Дверь широко распахнув, влез Игнат, поздоровался и долго развязывал окоченевшими пальцами башлык. Морщась, сорвал с усов сосульки тающие и улыбнулся, радости не скрывая:

– Слухом пользовался – красногвардейцы на округ идут…

Пахомыч ноги свесил с печки, спросил с любопытством сдержанным:

– Войной идут али так?

– Разно гутарют… А только беспокойствие в станице, томашится народ, в правлении миру видимо-невидимо.

– Не слыхал молвишки в счет земли?

– Гутарют, что большевики землю помещичью под гребло берут.

– Та-а-ак, – крякнул Пахомыч и соскочил с печки по-молодому.

Старуха у загнетки загремела ложками; щи в чашку наливая, сказала:

– Кличьте вечерять Гришатку.

На дворе смеркалось. Снежок перепадывал, и синевою хмурилась ночь. Пахомыч ложку отложил, бороду вытирая расшитым рушником, спросил:

– Про мельницу паровую разузнал? Когда пущать будут?

– Мельница работает в размол, можно везть.

– Ну, кончай вечерять, и пойдем в амбар. Зерно надо перевеять, завтра, как удастся погода, уторком поеду смолоть. Дорога-то как, избитая?

– Шлях не спит, день и ночь едут, только разъезжаться трудновато. Сбочь дороги снегу глыбже пояса.

II

Григорий вышел за ворота проводить.

Пахомыч натянул рукавицы и угнездился в передке.

– На корову поглядывай, Гриша. Вымя налила она, что не видно[4] отелится…

– Ладно, батя, трогай!

Полозья саней с хрустом кромсают оттаявшую снежную корку. Вожжами волосяными Пахомыч шевелит, золу, просыпанную на улице, объезжает. Попадается оголенная земля – подреза липнут. Спины напружив, угинаясь, тянут лошади. Хоть и снасть справная, и кони сытые, а Пахомыч нет-нет да слезет с саней, кряхтя, – больно уж важно нагрузили мешков.

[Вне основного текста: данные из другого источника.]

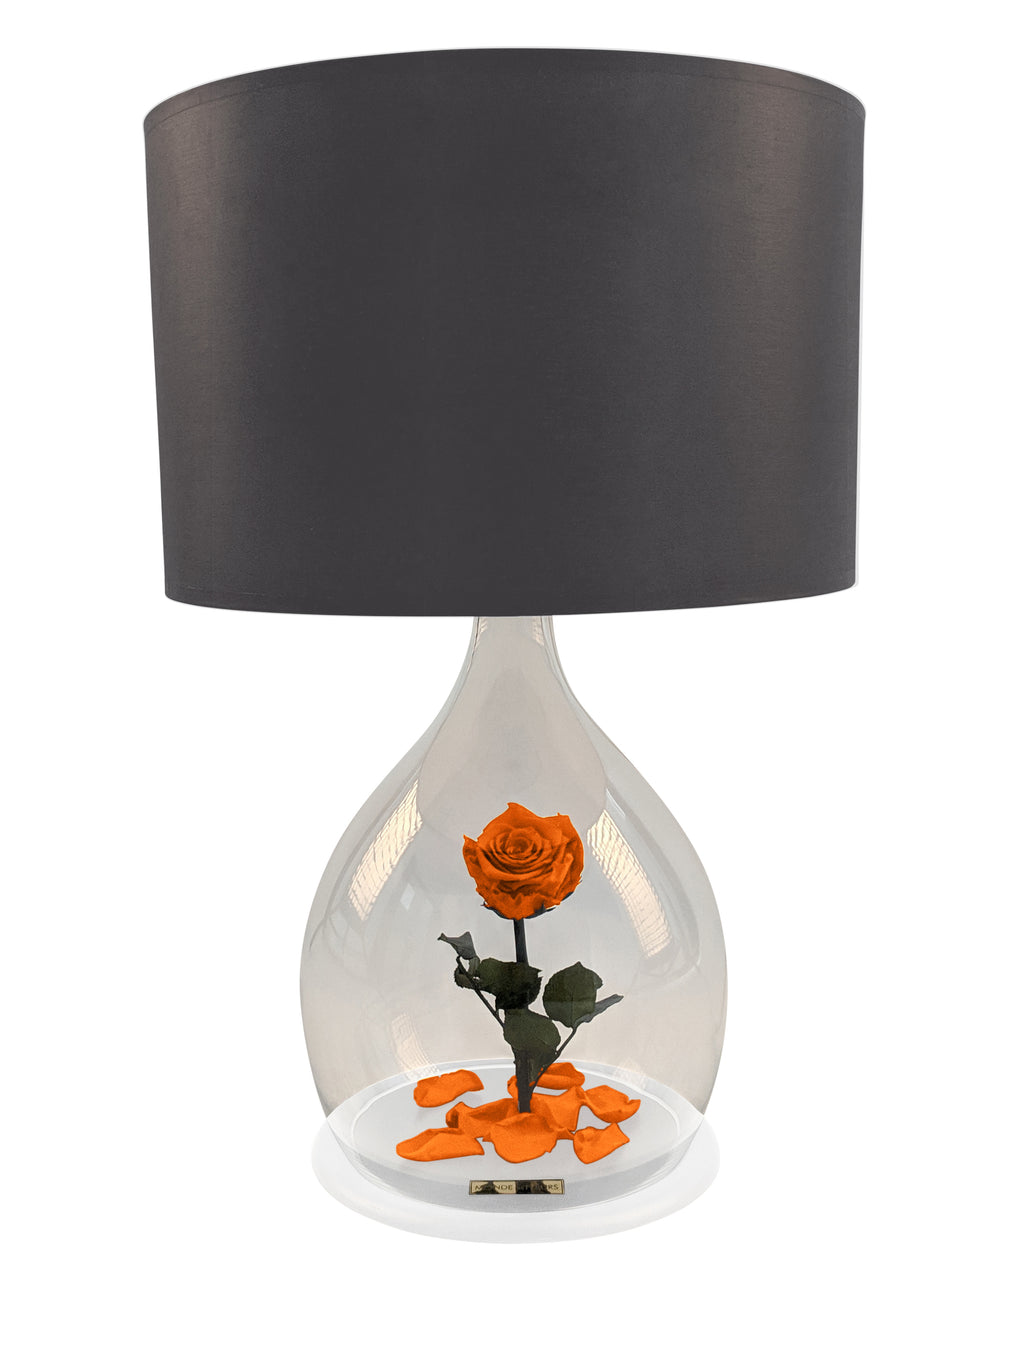 Rosen Lampe mit Rose in Orange - MONDE DES FLEURS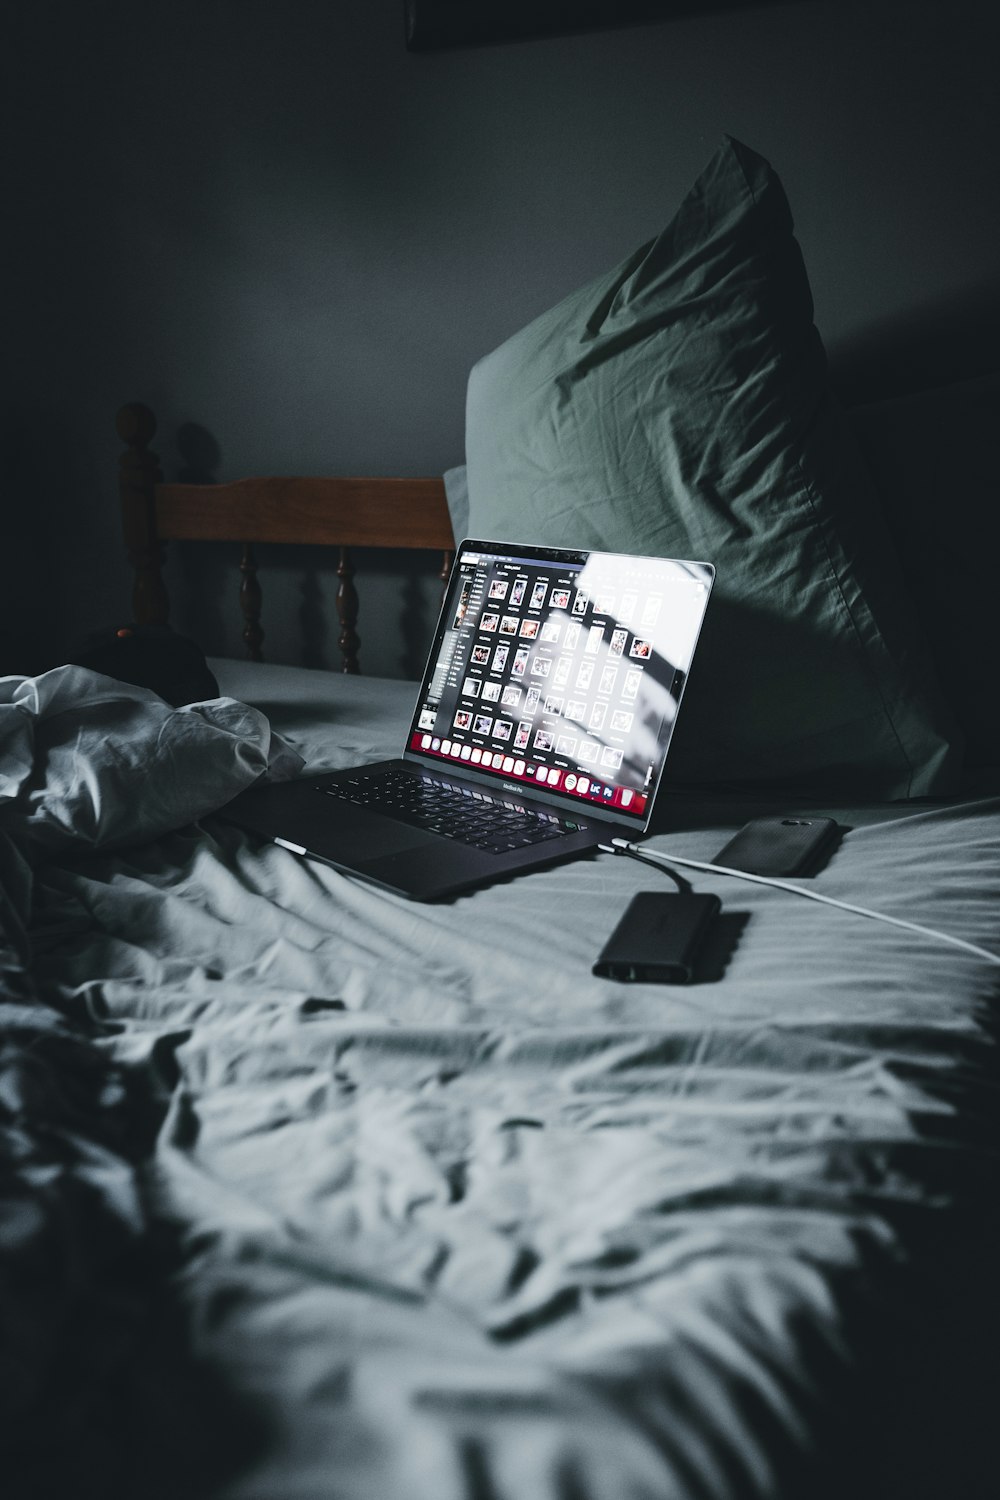 macbook pro on bed near black smartphone

На гору выбрался, дал вздохнуть припотевшим лошадям и тронул рысцой шаговитой. Где приглянулось, оттепель сжевала снег, дорогу дурашливо изухабила. Теплынь на провесне. Тает. Полдень.

Лес начал огибать Пахомыч – навстречу тройка стелется. А снегу возле леса намело горы. В сугробах саженных дорожку прогрызли узенькую, разминуться никак невозможно.

– Эка, скажи на милость, оказия-то! Тпру!..

Приостановил Пахомыч лошадей, слез и шапку снял. Голову седую и потную ветер облизывает. Потому снял Пахомыч шапчонку свою убогую, что опознал в тройке встречной выезд полковника Черноярова Бориса Александровича. А у полковника землю он арендовал восемь лет подряд.

Тройка ближе. Бубенцы промеж себя разговорчики вполголоса ведут. Видно, как с пристяжных пена шмотьями брызжет и тяжело-тяжело колышется коренник. Привстал кучер, кнутом машет:

– Сворачивай, ворона седая!.. Что дорогу-то перенял?!

Поравнялся и лошадей осадил. Пахомыч, в полах полушубка путаясь, с головой непокрытой к санкам подбежал, поклон отвалил низенький.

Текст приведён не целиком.